# Road Atlanta WERA...



## AtlPikMan (Jun 30, 2009)

Went to Road Atlanta To shoot the WERA Jam. Here are a few shots. I think the shots are Fair, Nothing Spectacular. It was so HOT I just couldnt get it right. My hats of to those Sports Photogs that pan sportbikes, that was my first time. It was like shooting flies with a shotgun...

























\






MOAR!!!



























​


----------



## Hooligan Dan (Jun 30, 2009)

#4 is great.


----------



## WTF? (Jun 30, 2009)

looks like you arent too bad at the panning yourself.
what that guy doing in #3? hes just stopped in the middle of the road


----------



## TriniPhototakeoutta (Jun 30, 2009)

Very nice. You realy know how to using the panning technique. #4 is my favorite.


----------



## dwol (Jul 1, 2009)

love no. 4 and 5 shots, good capture of the movement


----------



## Fox_Racing_Guy (Jul 1, 2009)

They all look great to me, good job!:thumbup:
I hope to get some decent shots myself later this month @ Mid-Ohio.


----------



## JTG40cal (Jul 4, 2009)

Very cool! Not to hijack your thread, but here's one of the pics I got at Indy last year...

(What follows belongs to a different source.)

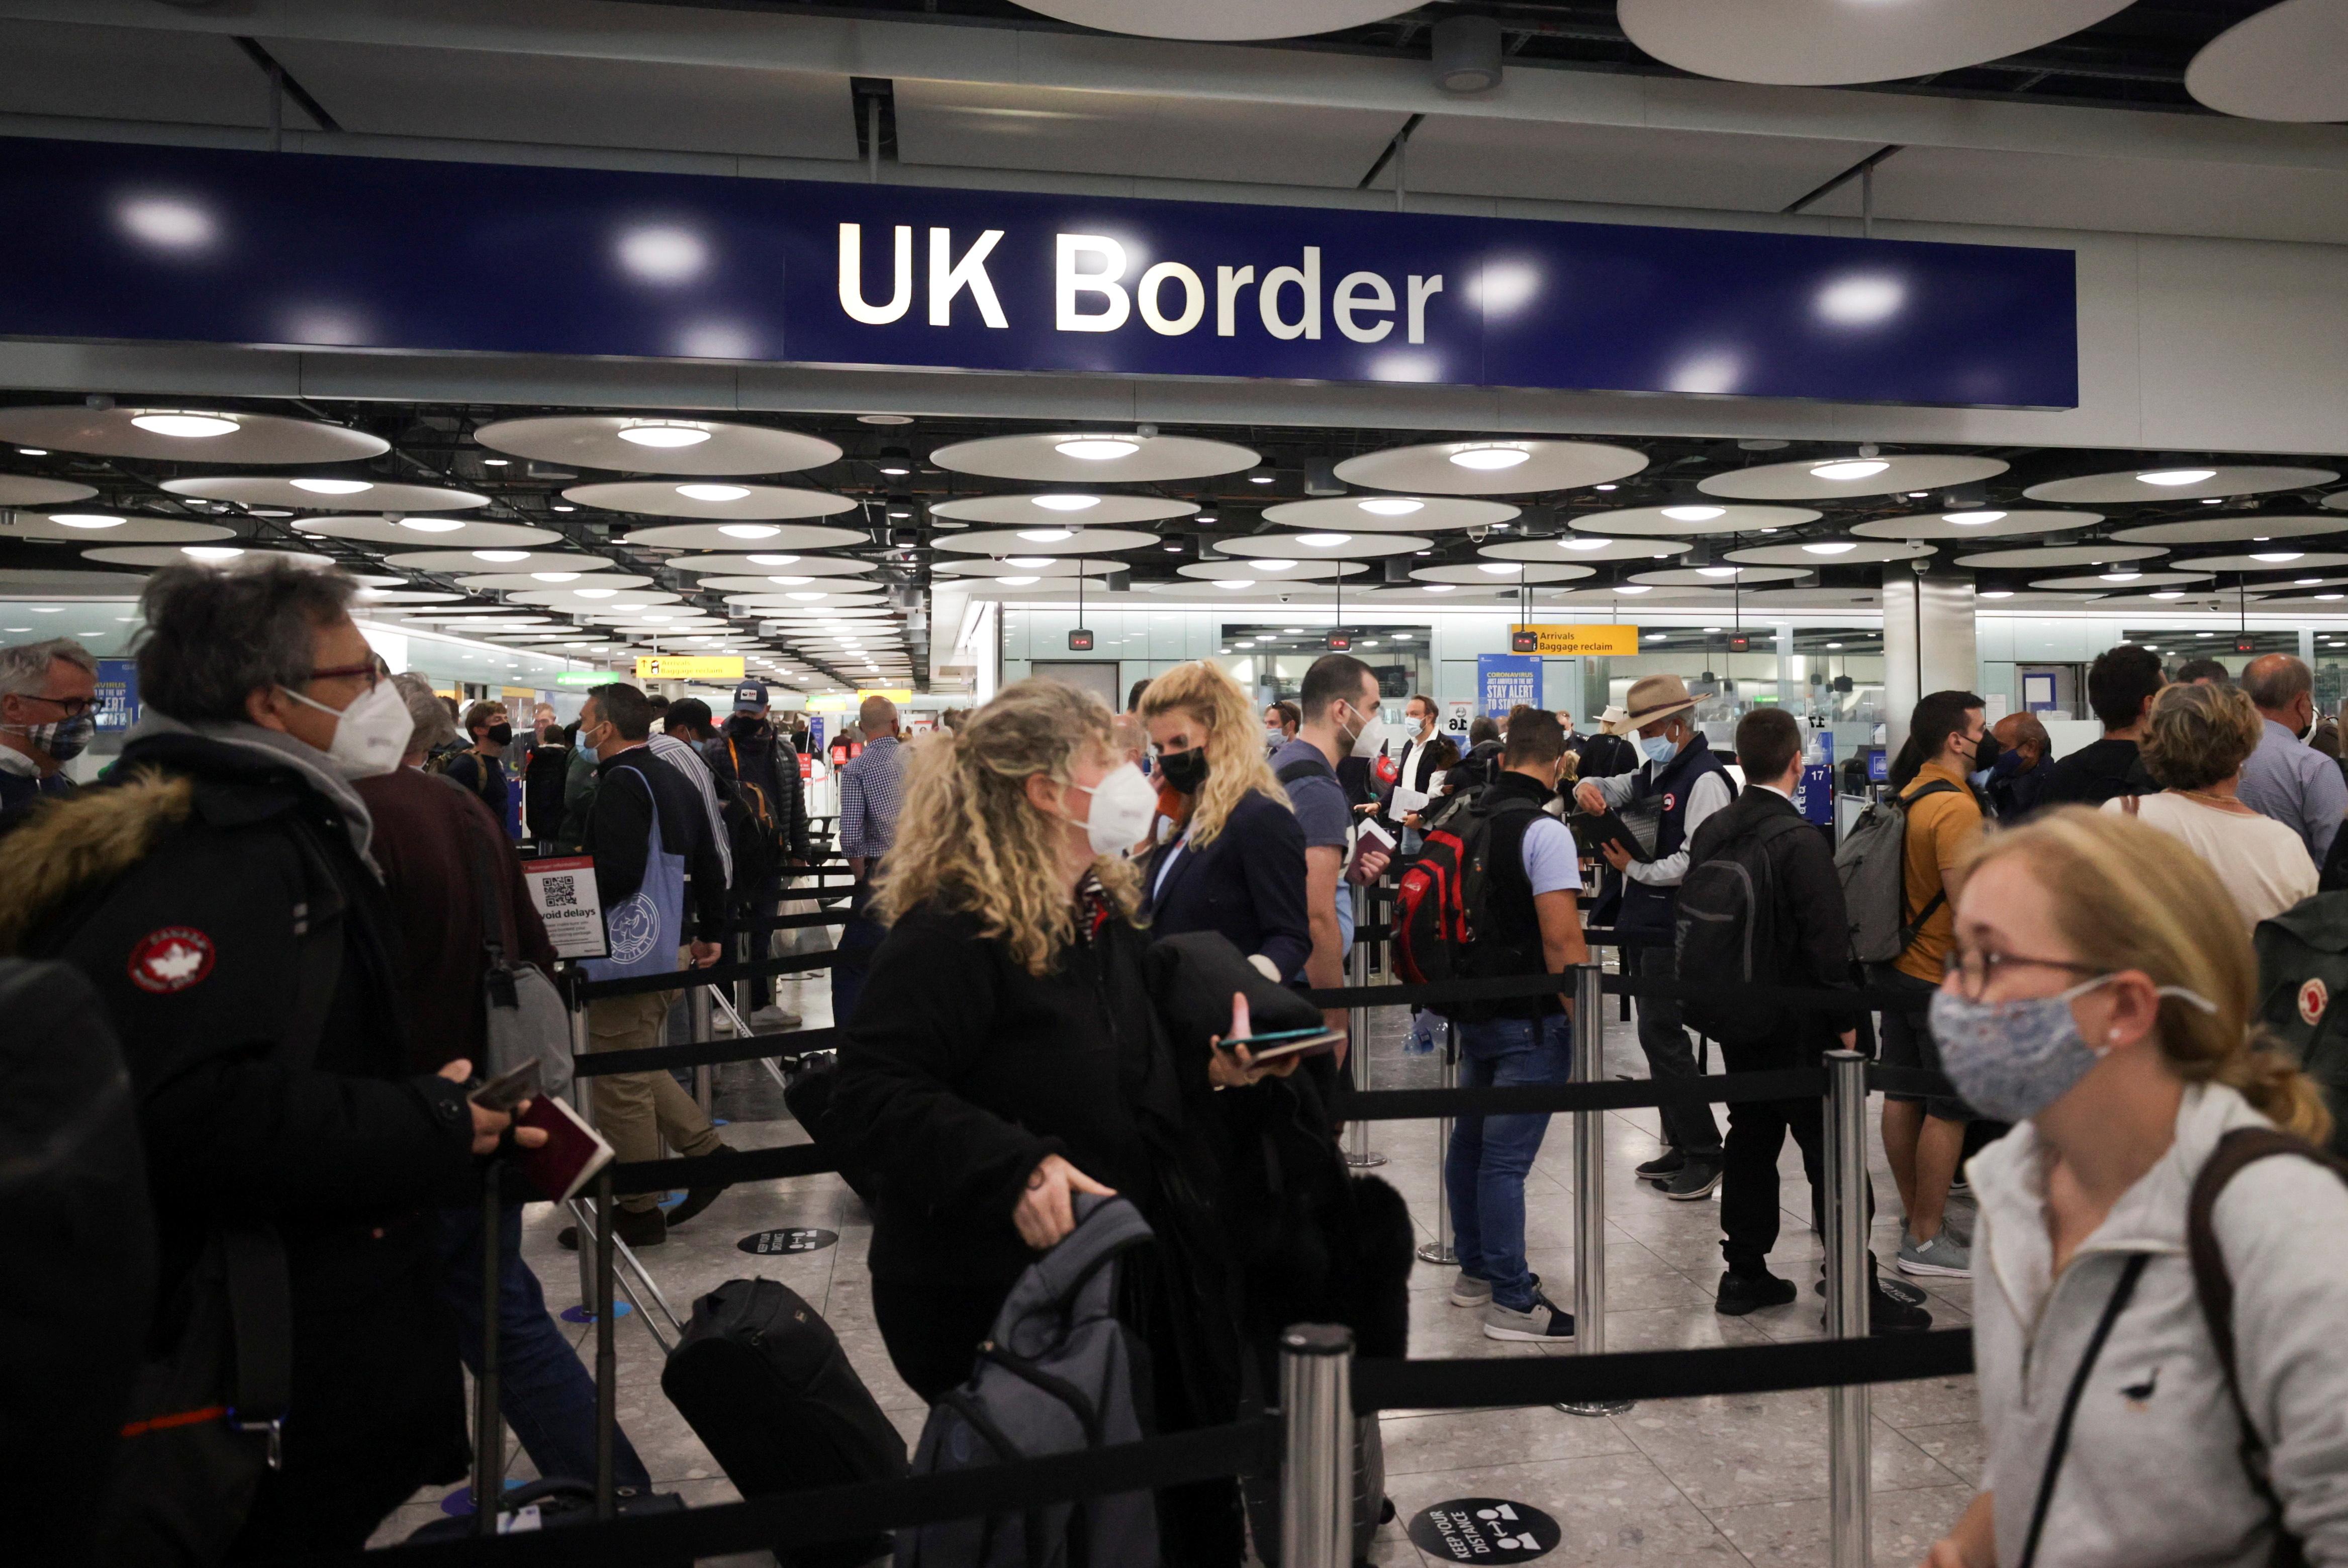 Arriving passengers queue at UK Border Control at the Terminal 5 at Heathrow Airport in London, Britain June 29, 2021. REUTERS/Hannah Mckay/File Photo

I could have used a stronger zoom and done a couple other things differently, but I was, and still am, very much a beginner.

Fox, you may appreciate some of these:


----------



## Dcrymes84 (Jul 4, 2009)

Good job awesome


----------



## polymoog (Jul 5, 2009)

Excellent panning shots 
	

	
	
		
		

		
		
	


	




 what camera/lens/settings were you using?


----------



## 2003protege (Jul 7, 2009)

Boo for threadjacking, JT. Those shots are good, but aren't really on par with the OP.


PikMan, those are some great shots .  I can see how the first three might not be spectacular, just par for the (professional) course, but the last two are really amazing, and the composition of the last is just awesome.  I love the angle you took. :thumbup: :thumbup:


----------



## JTG40cal (Jul 7, 2009)

2003protege said:


> Boo for threadjacking, JT. Those shots are good, but aren't really on par with the OP.
> 
> 
> PikMan, those are some great shots . I can see how the first three might not be spectacular, just par for the (professional) course, but the last two are really amazing, and the composition of the last is just awesome. I love the angle you took. :thumbup: :thumbup:


 

I know, I know.  Im sorry.  The admins are free to remove them from the thread.  Im not looking for any comment or attention to the photos I posted.  I just wanted to share with the OP considering we have a shared interest in bikes.


----------



## AtlPikMan (Jul 7, 2009)

Thanks Guys, I got bored and decided to edit some more. I added them(4) to the first post.


----------